→ **GOAL OF THE EXERCISE**
Copy exactly and only the lines running from the one that contains "太和玄月大桥夜景.jpg" to the final line of the data below, without the pictures.

→ **SOURCE MATERIAL**
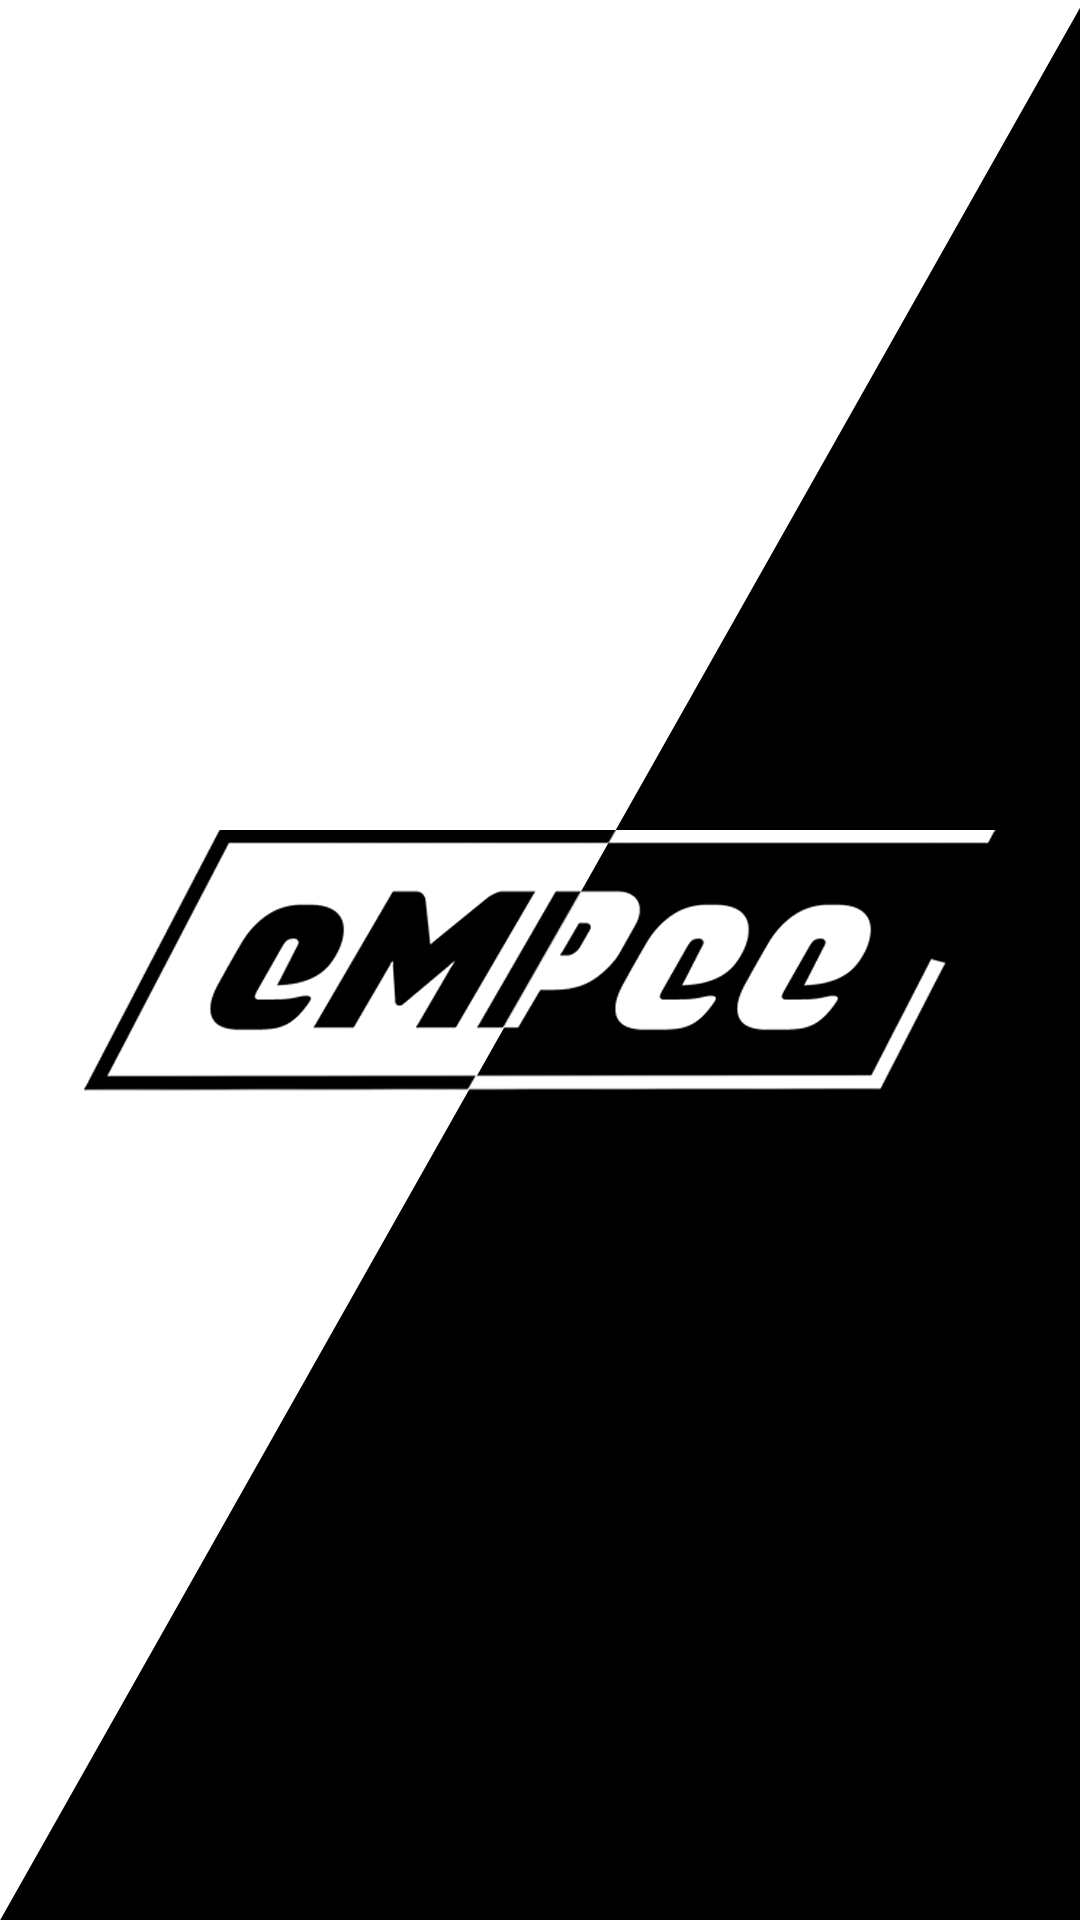 eMPee original
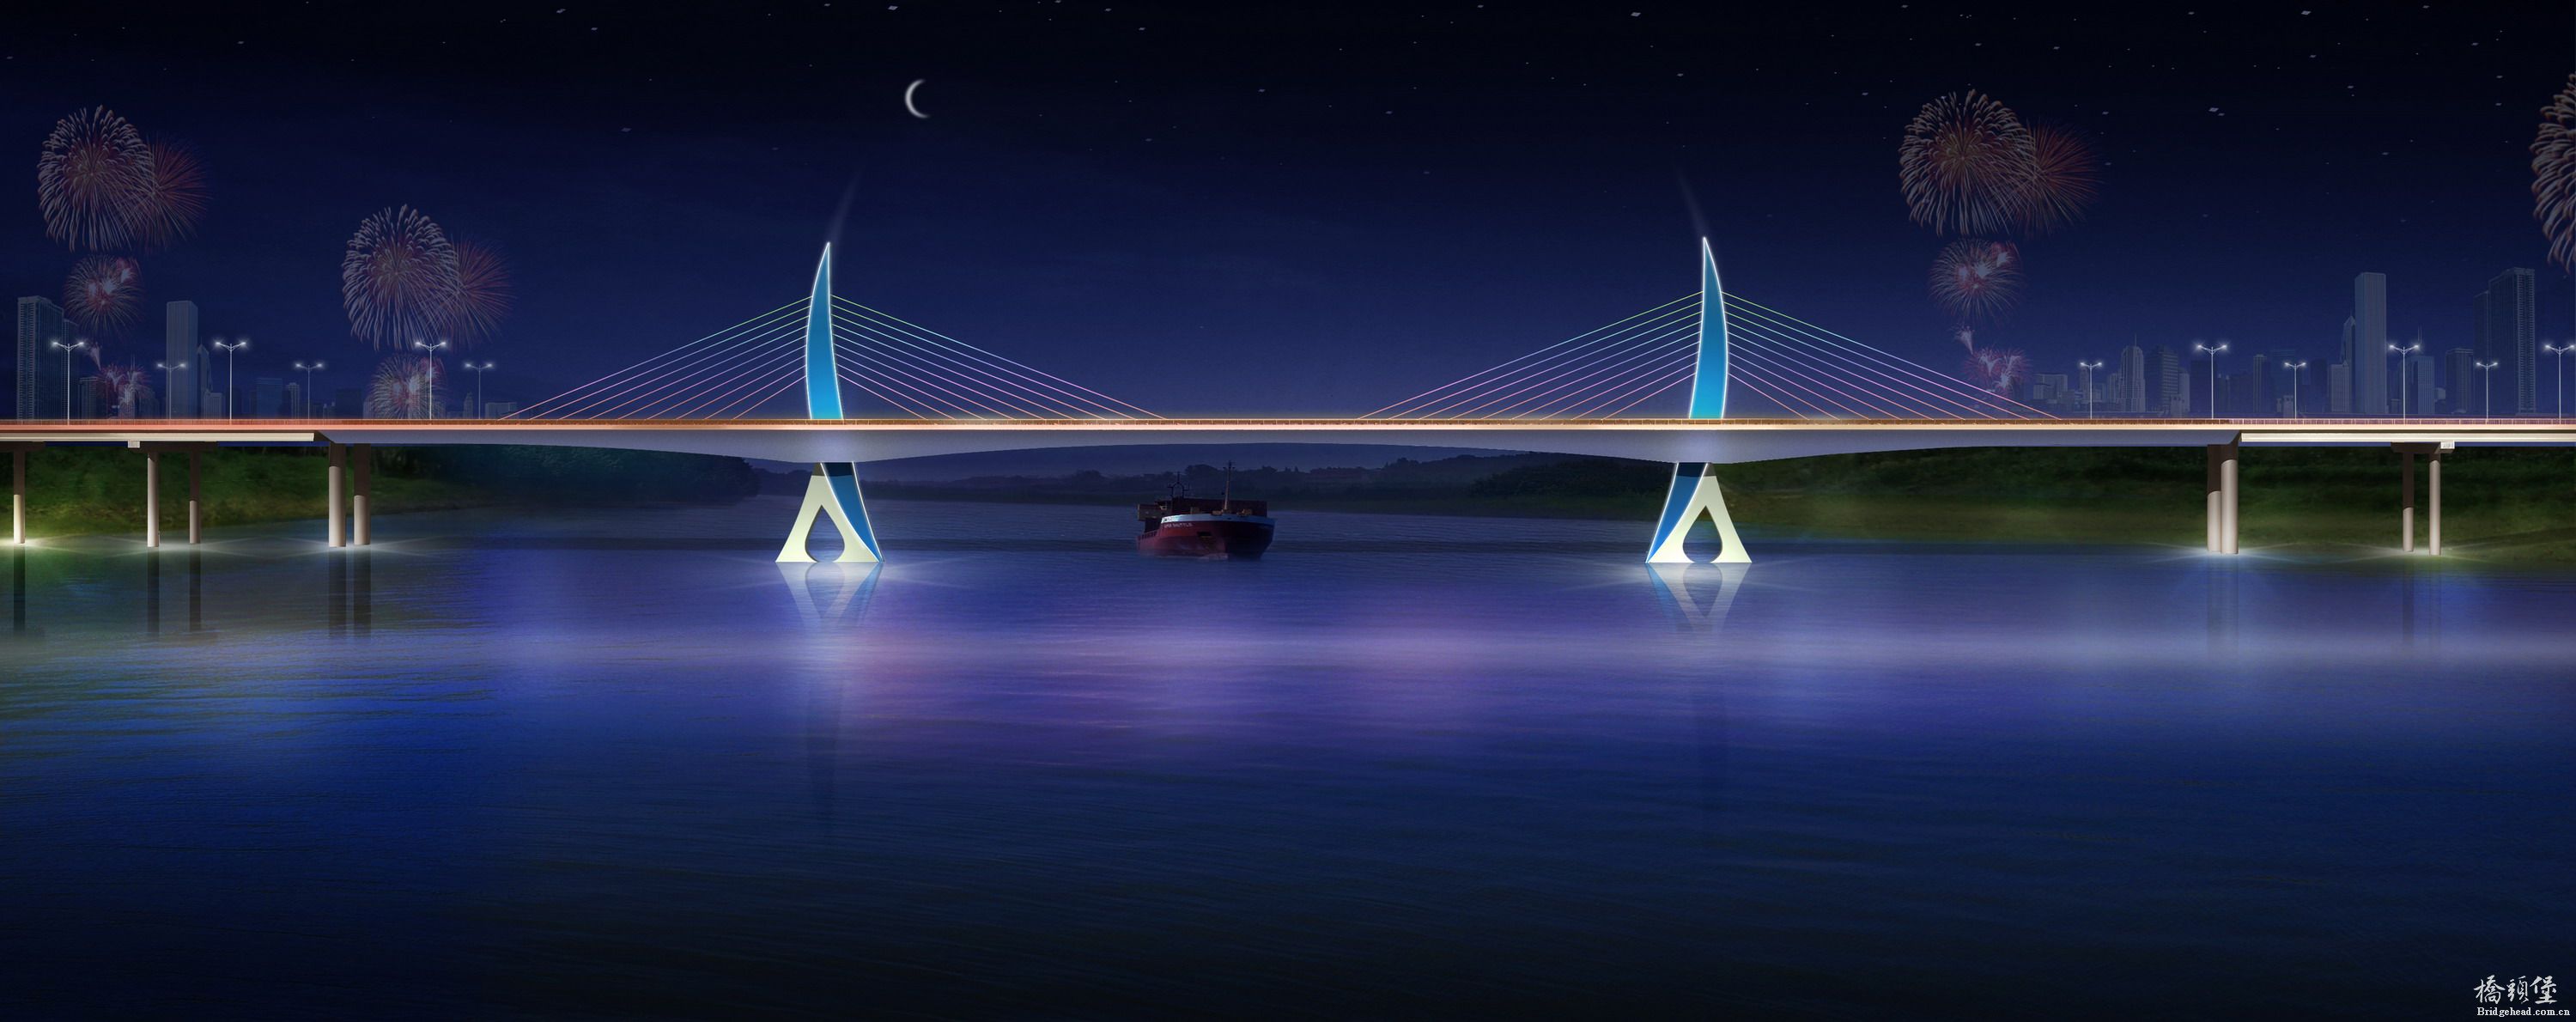 太和玄月大桥夜景.jpg
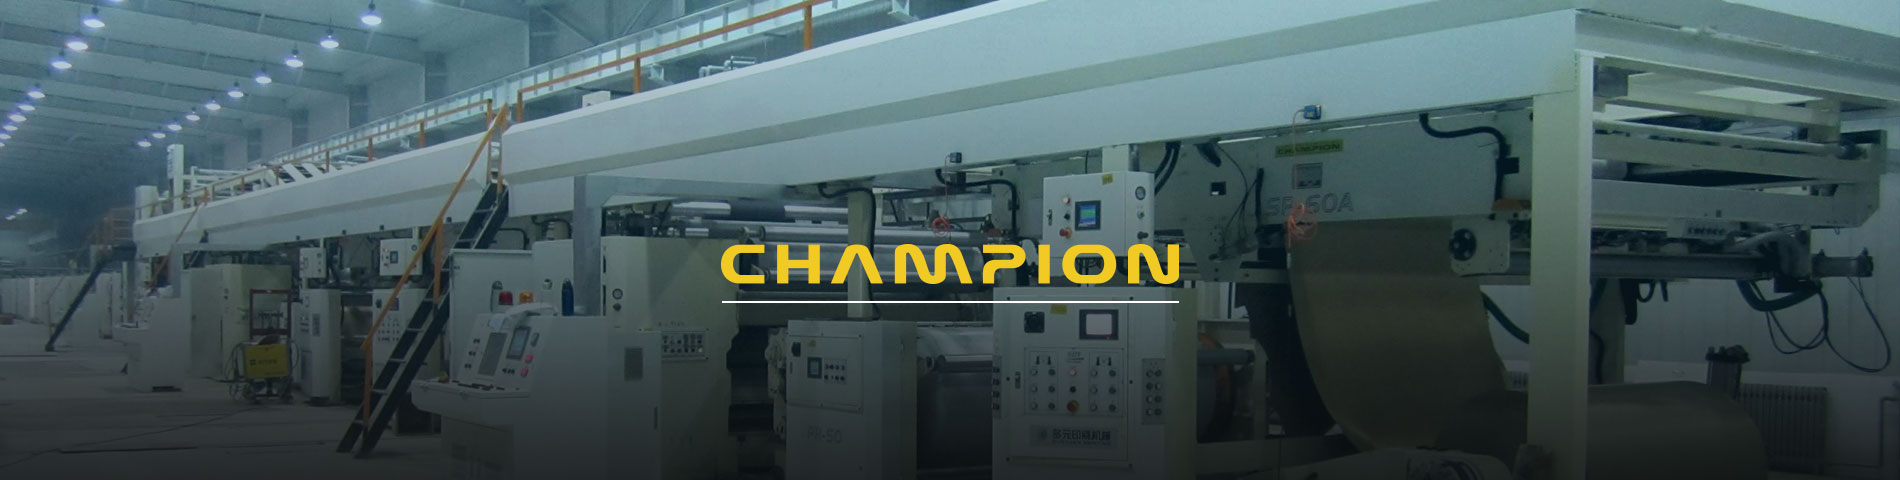 Champion Wellpappe ist eine professionelle Wellpappe Gerätehersteller
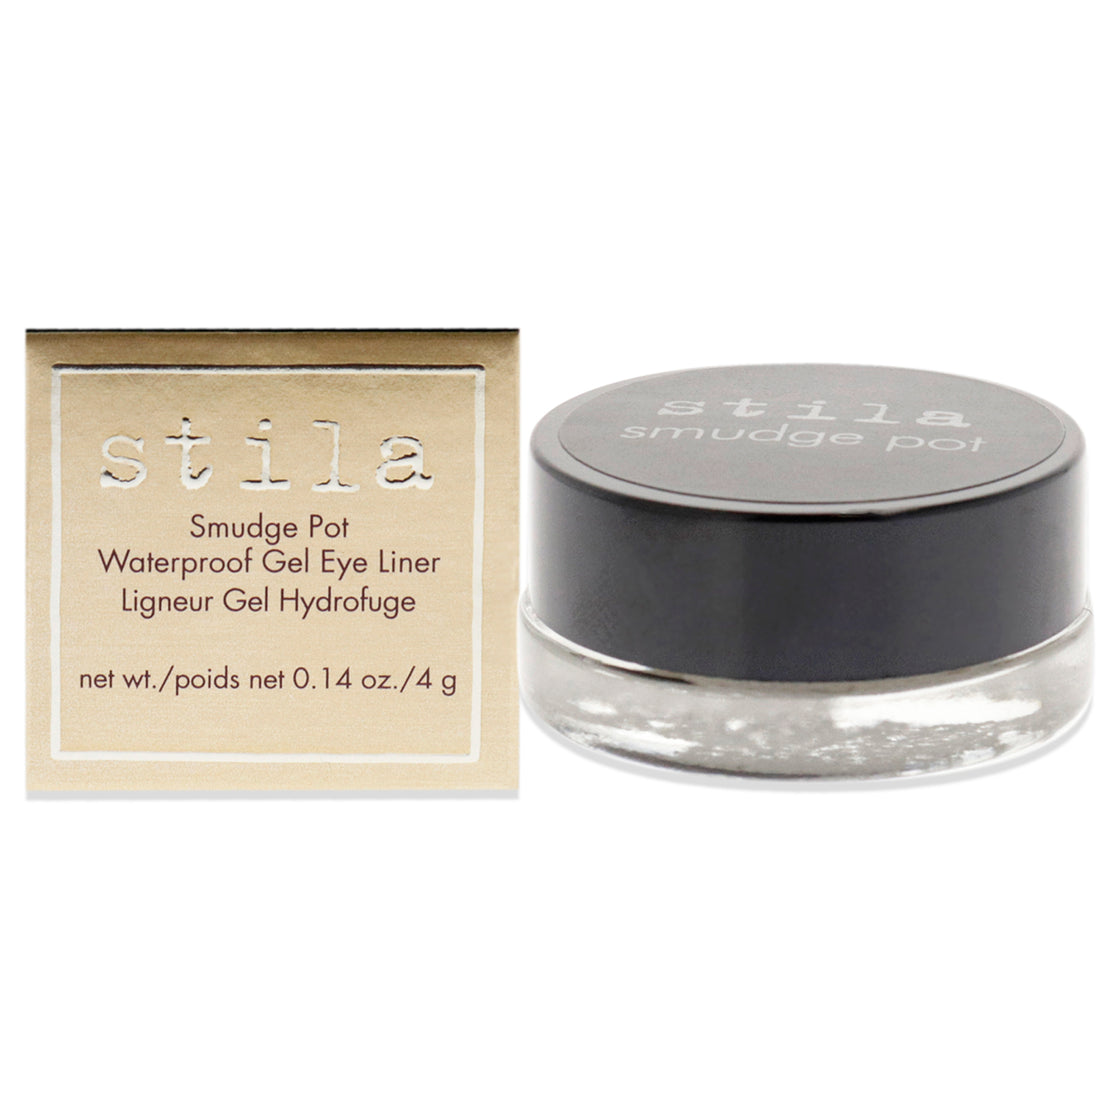 Smudge Pots Waterproof Gel Eye Liner - Black by Stila for Women - 0.14 oz Eyeliner

→ **ANSWER TO THE EXERCISE**
 太和玄月大桥夜景.jpg
 Champion Wellpappe ist eine professionelle Wellpappe Gerätehersteller
 Smudge Pots Waterproof Gel Eye Liner - Black by Stila for Women - 0.14 oz Eyeliner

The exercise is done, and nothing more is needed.